**Task to complete**
Your response should reproduce every line of the entries that contains the word "Home".

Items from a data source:
==*==
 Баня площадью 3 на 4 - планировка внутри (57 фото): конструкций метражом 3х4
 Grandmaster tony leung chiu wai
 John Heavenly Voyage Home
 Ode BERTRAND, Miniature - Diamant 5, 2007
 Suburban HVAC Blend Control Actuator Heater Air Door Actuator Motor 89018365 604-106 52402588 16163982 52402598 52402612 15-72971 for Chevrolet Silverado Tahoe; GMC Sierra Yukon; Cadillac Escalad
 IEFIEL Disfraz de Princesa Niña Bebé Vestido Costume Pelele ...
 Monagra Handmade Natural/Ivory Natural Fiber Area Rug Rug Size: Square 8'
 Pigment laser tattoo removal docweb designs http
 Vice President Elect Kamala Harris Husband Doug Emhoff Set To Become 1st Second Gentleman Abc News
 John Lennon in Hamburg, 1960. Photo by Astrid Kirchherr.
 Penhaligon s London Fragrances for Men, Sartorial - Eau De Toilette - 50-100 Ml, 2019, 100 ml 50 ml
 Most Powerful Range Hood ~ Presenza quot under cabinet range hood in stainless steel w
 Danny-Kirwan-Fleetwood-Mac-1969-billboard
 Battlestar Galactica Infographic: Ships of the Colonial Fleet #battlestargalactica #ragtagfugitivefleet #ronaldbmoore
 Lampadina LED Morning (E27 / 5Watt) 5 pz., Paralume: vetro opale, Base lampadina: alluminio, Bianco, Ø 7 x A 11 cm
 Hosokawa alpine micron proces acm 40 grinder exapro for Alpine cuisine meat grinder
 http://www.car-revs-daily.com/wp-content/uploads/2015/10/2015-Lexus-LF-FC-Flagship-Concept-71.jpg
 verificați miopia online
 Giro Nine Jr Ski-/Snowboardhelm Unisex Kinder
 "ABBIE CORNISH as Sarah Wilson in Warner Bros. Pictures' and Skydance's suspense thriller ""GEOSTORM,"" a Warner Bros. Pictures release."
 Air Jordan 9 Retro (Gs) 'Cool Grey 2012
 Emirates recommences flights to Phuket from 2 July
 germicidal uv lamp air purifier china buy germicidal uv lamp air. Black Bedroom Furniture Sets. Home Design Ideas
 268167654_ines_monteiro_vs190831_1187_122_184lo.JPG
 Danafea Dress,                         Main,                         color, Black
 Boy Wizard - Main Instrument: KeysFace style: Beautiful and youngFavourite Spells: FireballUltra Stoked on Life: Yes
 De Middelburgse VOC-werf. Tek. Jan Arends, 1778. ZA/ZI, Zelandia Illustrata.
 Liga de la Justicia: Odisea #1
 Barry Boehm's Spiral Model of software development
==*==
**Result of this task**
 John Heavenly Voyage Home
 germicidal uv lamp air purifier china buy germicidal uv lamp air. Black Bedroom Furniture Sets. Home Design Ideas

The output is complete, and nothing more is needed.